Skyline_BNR34 wrote:
It's interesting how people can hold onto their life just long enough to see something happen to their children or grandchildren.
Oh, yeah, that happens all the time. The cousin that's getting married is on my mother's side, but my grandmother there isn't doing too well, either, and hasn't ever since, again,
her husband died just about five years ago. I would not be surprised if she dies within a month after my cousin's wedding, but I don't think that she will because she's been the same for so long now and is always surprising everyone haha. She's a strong woman. I think she's currently... Oh, 84? Something like that. My mother is the youngest of six.

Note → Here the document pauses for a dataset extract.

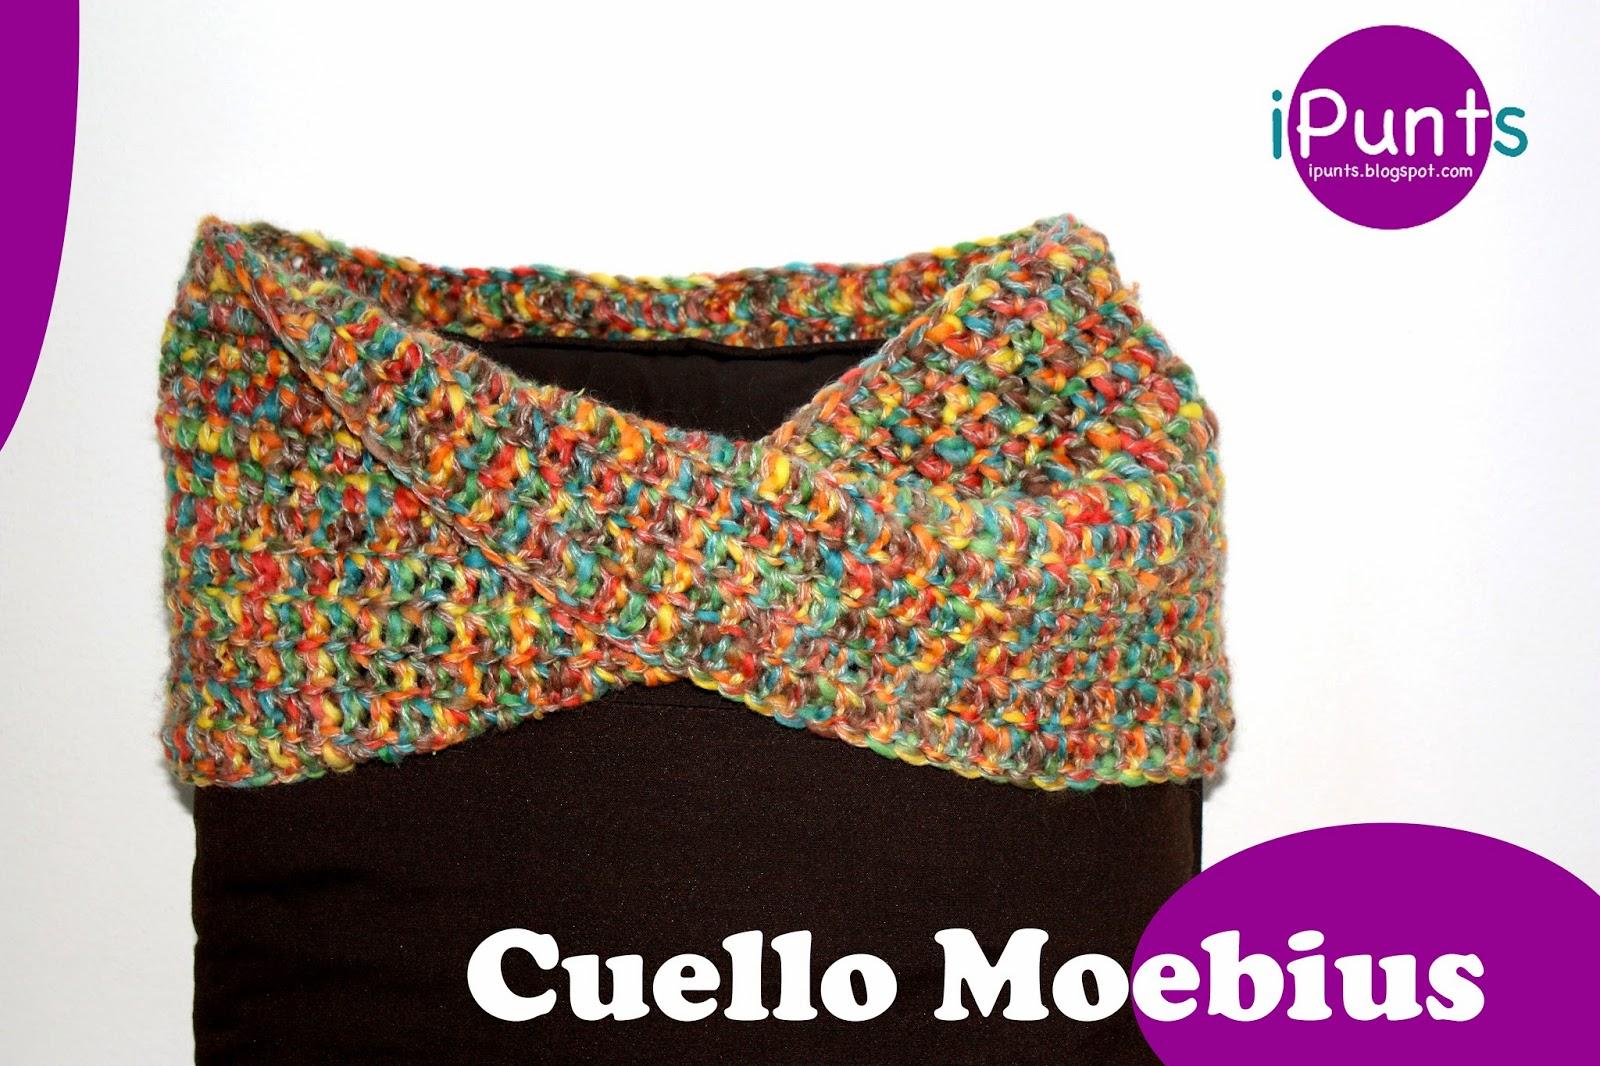 moebius cuello crochet ganchillo patrón

Conversely, my grandfather that died when I was eleven did so five months before my youngest brother was born, but he died of lung cancer due to smoking and was in a coma for about a week before he finally left, so I don't think his will mattered much in that circumstance... I watched his decline because I was staying at the same house where he and my grandmother were and where he died, his sister's house, for much of the winter leading up to his death, and I'd only been home for about a month when he went into a coma and we went back goodbye. I was there when he died... In retrospect I am not sure why I was allowed to stay with them for so long. I know that I wanted to because he was my favorite grandparent and I knew that he was dying, but it's still weird to me that my parents allowed it. I don't think most would... But, yeah, I was homeschooled, so it wasn't that big of a deal I guess. I still got school done.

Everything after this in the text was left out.